Reputation: 261
I have a program that scales badly to multiple threads, although – theoretically – it should scale linearly: it's a calculation that splits into smaller chunks and doesn't need system calls, library calls, locking, etc. Running with four threads is only about twice as fast as running with a single thread (on a quad core system), while I'd expect a number closer to four times as fast.
The run time of the implementations with pthreads, C++0x threads and OpenMP agree.
In order to pinpoint the cause, I tried gprof (useless) and valgrind (I didn't see anything obvious). How can I effectively benchmark what's causing the slowdown?
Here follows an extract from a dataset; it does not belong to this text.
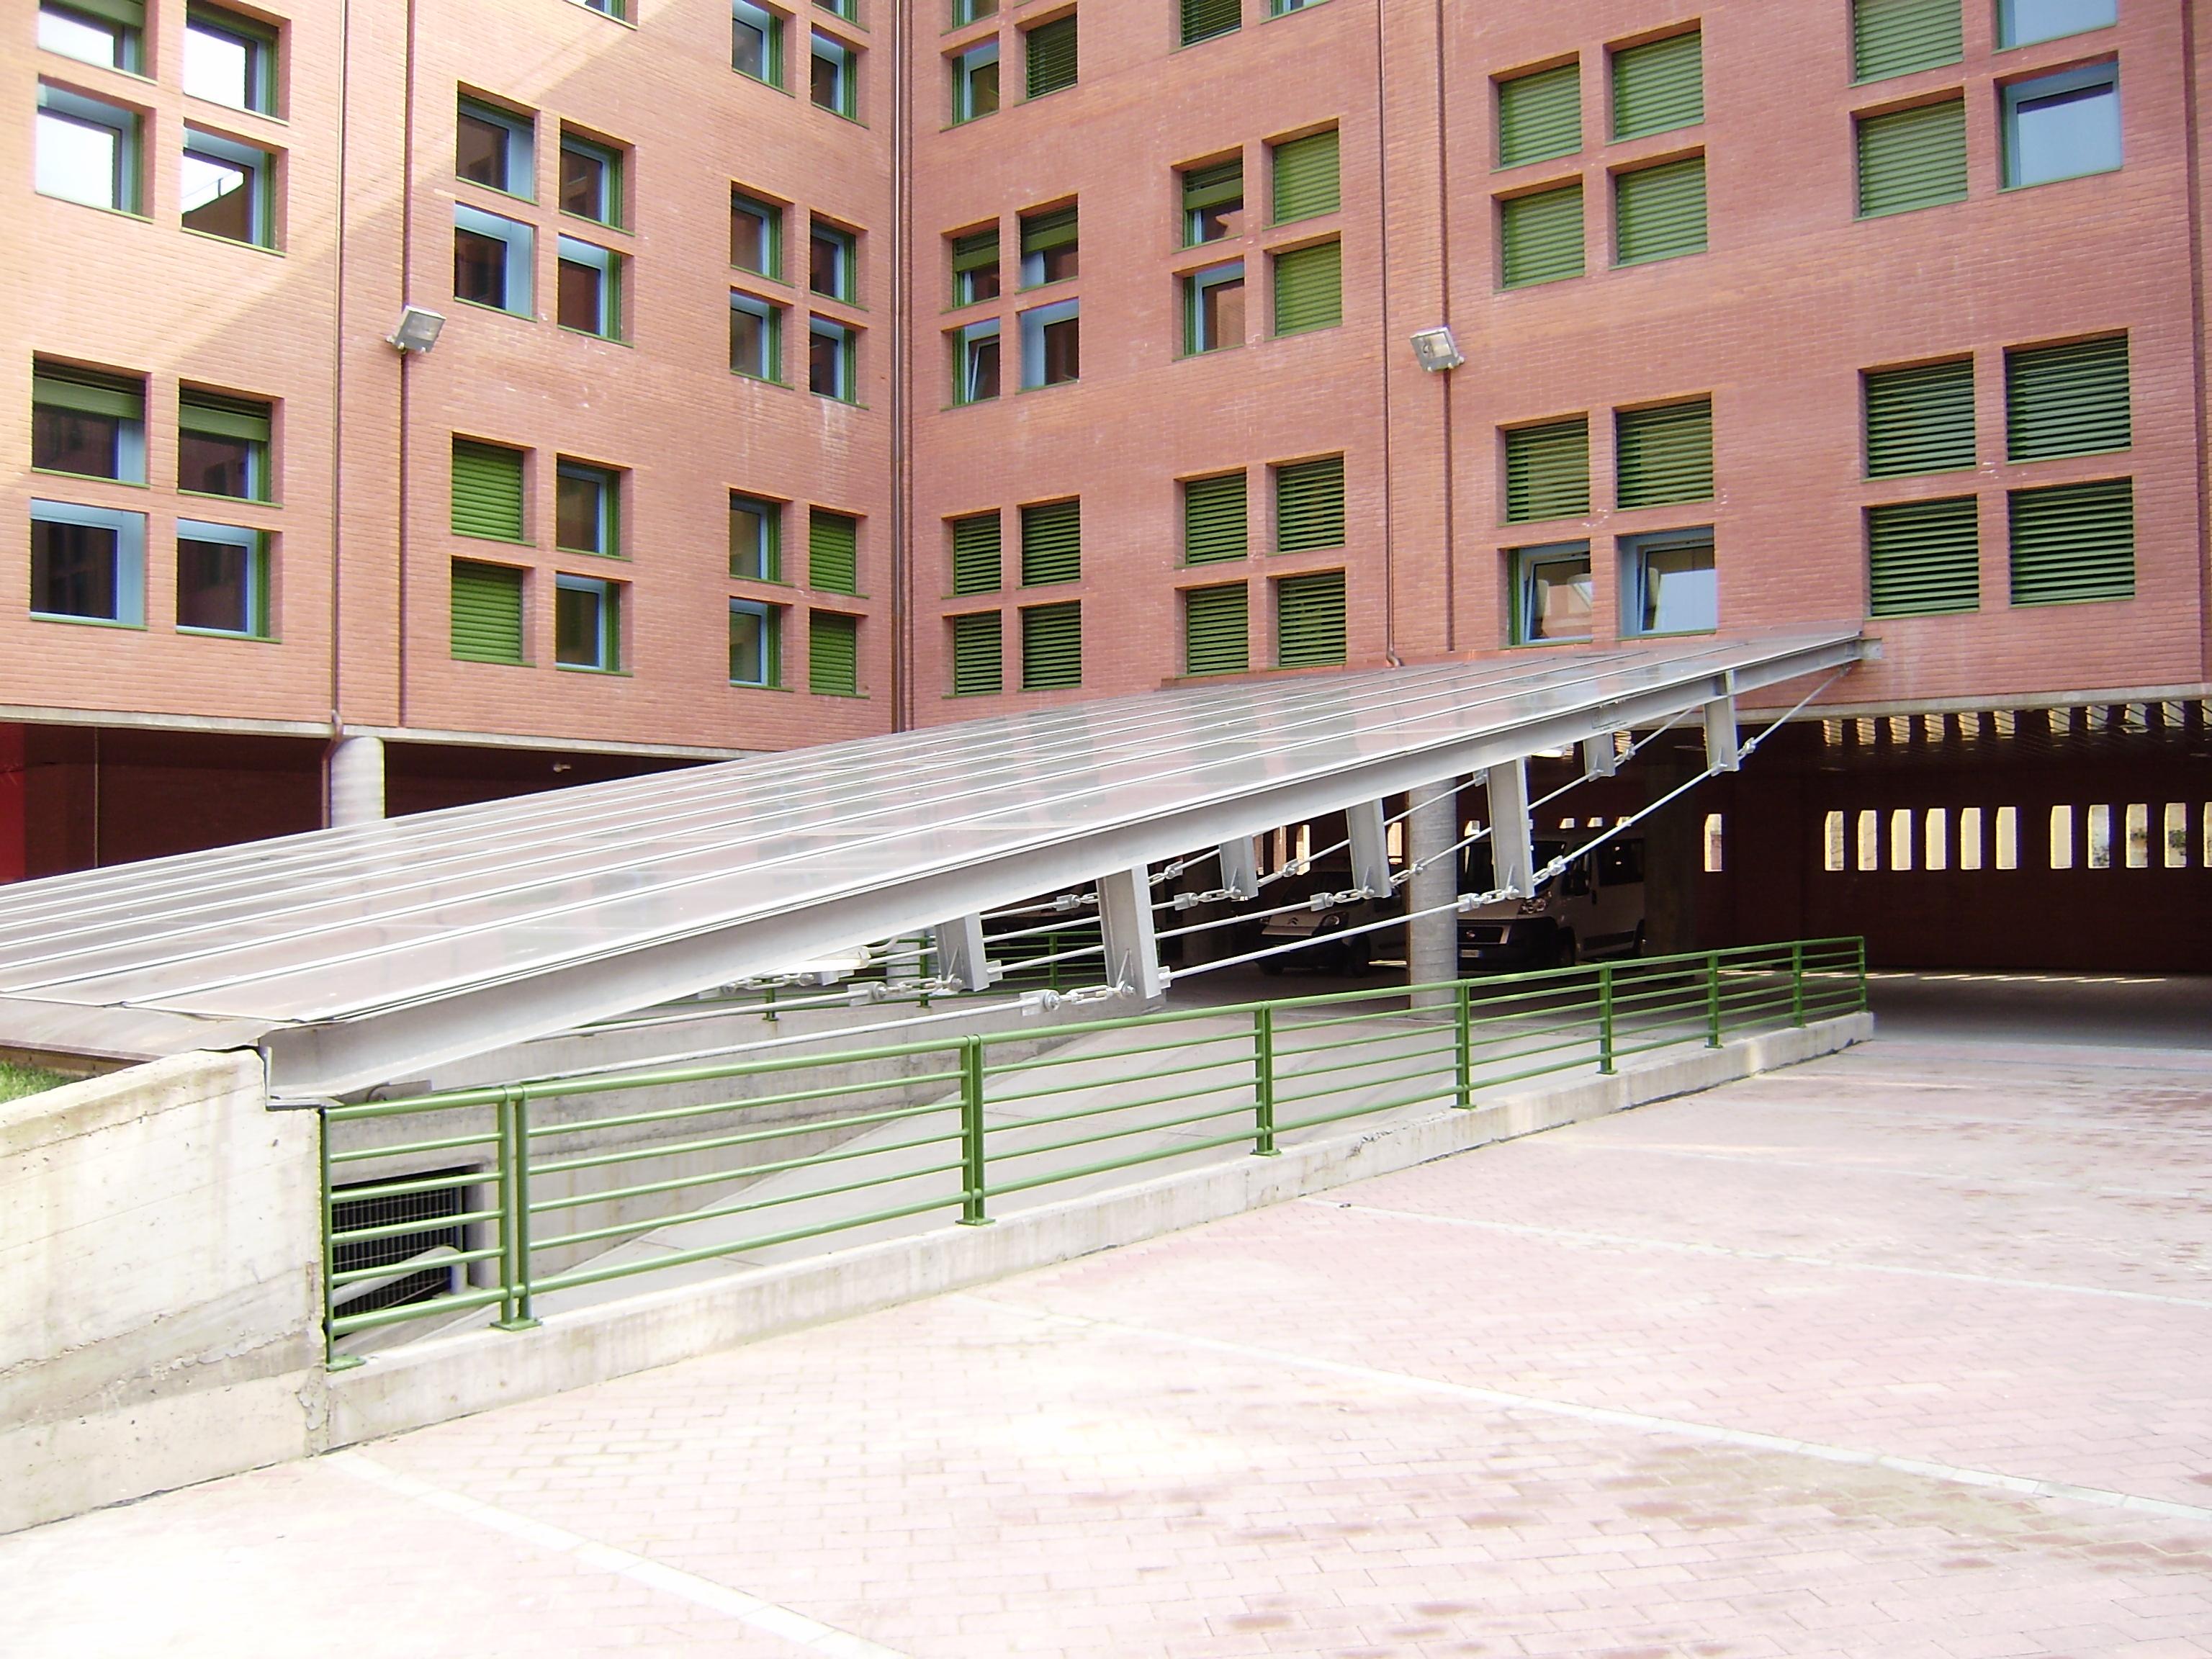 Distretto sanitario di chieri studio architettura torino for Piani di casa cortile interno

Any generic ideas as to its possible causes?
— Update —
The calculation involves Monte Carlo integration and I noticed that an unreasonable amount of time is spent generating random numbers. While I don't know yet why this happens with four threads, I noticed that the random number generator is not reentrant. When using mutexes, the running time explodes. I'll reimplement this part before checking for other problems.
I did reimplement the sampling classes which did improve performance substantially. The remaining problem was, in fact, contention of the CPU caches (it was revealed by cachegrind as Evgeny suspected.)
Upvotes: 7
Views: 336
Reputation: 24677
You can use oprofile. Or a poor man's pseudo-profiler: run the program under gdb, stop it and look where it is stopped. "valgrind --tool=cachegrind" will show you how efficiently CPU cache is used.
Monte Carlo integration seems to be very memory-intensive algorithm. Try to estimate, how memory bandwidth is used. It may be the limiting factor for your program's performance. Also if your system is only 2-core with hyperthreading, it should not work much faster with 4 threads, comparing with 2 threads.
Upvotes: 4